- EXERCISE DIRECTIONS
Only the lines from the one with "تونس.. كيف سيكون" to the end of the data below should be given again, exactly as written.

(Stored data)
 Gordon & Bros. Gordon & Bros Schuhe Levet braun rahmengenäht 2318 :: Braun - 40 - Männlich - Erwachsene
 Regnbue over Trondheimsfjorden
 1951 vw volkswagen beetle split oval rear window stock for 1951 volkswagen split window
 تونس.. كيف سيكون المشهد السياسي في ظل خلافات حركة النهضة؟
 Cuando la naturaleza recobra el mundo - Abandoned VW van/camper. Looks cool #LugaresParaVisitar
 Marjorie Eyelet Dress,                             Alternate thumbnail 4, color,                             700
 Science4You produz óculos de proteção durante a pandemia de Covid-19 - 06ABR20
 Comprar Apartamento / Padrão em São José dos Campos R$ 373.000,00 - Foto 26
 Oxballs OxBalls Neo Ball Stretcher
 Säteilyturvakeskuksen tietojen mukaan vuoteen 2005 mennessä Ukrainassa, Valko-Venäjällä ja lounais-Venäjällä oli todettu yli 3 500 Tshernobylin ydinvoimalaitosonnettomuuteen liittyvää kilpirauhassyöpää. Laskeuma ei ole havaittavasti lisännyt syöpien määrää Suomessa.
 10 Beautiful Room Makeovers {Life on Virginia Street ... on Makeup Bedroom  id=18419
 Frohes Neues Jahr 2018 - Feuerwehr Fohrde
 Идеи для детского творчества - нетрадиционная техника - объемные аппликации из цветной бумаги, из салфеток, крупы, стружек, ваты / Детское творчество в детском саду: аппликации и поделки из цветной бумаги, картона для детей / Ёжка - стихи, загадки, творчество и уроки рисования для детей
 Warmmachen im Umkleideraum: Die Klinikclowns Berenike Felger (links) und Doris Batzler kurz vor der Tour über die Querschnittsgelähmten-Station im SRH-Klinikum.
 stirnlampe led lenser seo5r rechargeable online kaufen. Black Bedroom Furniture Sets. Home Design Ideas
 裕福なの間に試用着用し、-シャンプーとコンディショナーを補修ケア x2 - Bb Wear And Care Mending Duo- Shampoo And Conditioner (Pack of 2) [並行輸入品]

- TASK RESPONSE
 تونس.. كيف سيكون المشهد السياسي في ظل خلافات حركة النهضة؟
 Cuando la naturaleza recobra el mundo - Abandoned VW van/camper. Looks cool #LugaresParaVisitar
 Marjorie Eyelet Dress,                             Alternate thumbnail 4, color,                             700
 Science4You produz óculos de proteção durante a pandemia de Covid-19 - 06ABR20
 Comprar Apartamento / Padrão em São José dos Campos R$ 373.000,00 - Foto 26
 Oxballs OxBalls Neo Ball Stretcher
 Säteilyturvakeskuksen tietojen mukaan vuoteen 2005 mennessä Ukrainassa, Valko-Venäjällä ja lounais-Venäjällä oli todettu yli 3 500 Tshernobylin ydinvoimalaitosonnettomuuteen liittyvää kilpirauhassyöpää. Laskeuma ei ole havaittavasti lisännyt syöpien määrää Suomessa.
 10 Beautiful Room Makeovers {Life on Virginia Street ... on Makeup Bedroom  id=18419
 Frohes Neues Jahr 2018 - Feuerwehr Fohrde
 Идеи для детского творчества - нетрадиционная техника - объемные аппликации из цветной бумаги, из салфеток, крупы, стружек, ваты / Детское творчество в детском саду: аппликации и поделки из цветной бумаги, картона для детей / Ёжка - стихи, загадки, творчество и уроки рисования для детей
 Warmmachen im Umkleideraum: Die Klinikclowns Berenike Felger (links) und Doris Batzler kurz vor der Tour über die Querschnittsgelähmten-Station im SRH-Klinikum.
 stirnlampe led lenser seo5r rechargeable online kaufen. Black Bedroom Furniture Sets. Home Design Ideas
 裕福なの間に試用着用し、-シャンプーとコンディショナーを補修ケア x2 - Bb Wear And Care Mending Duo- Shampoo And Conditioner (Pack of 2) [並行輸入品]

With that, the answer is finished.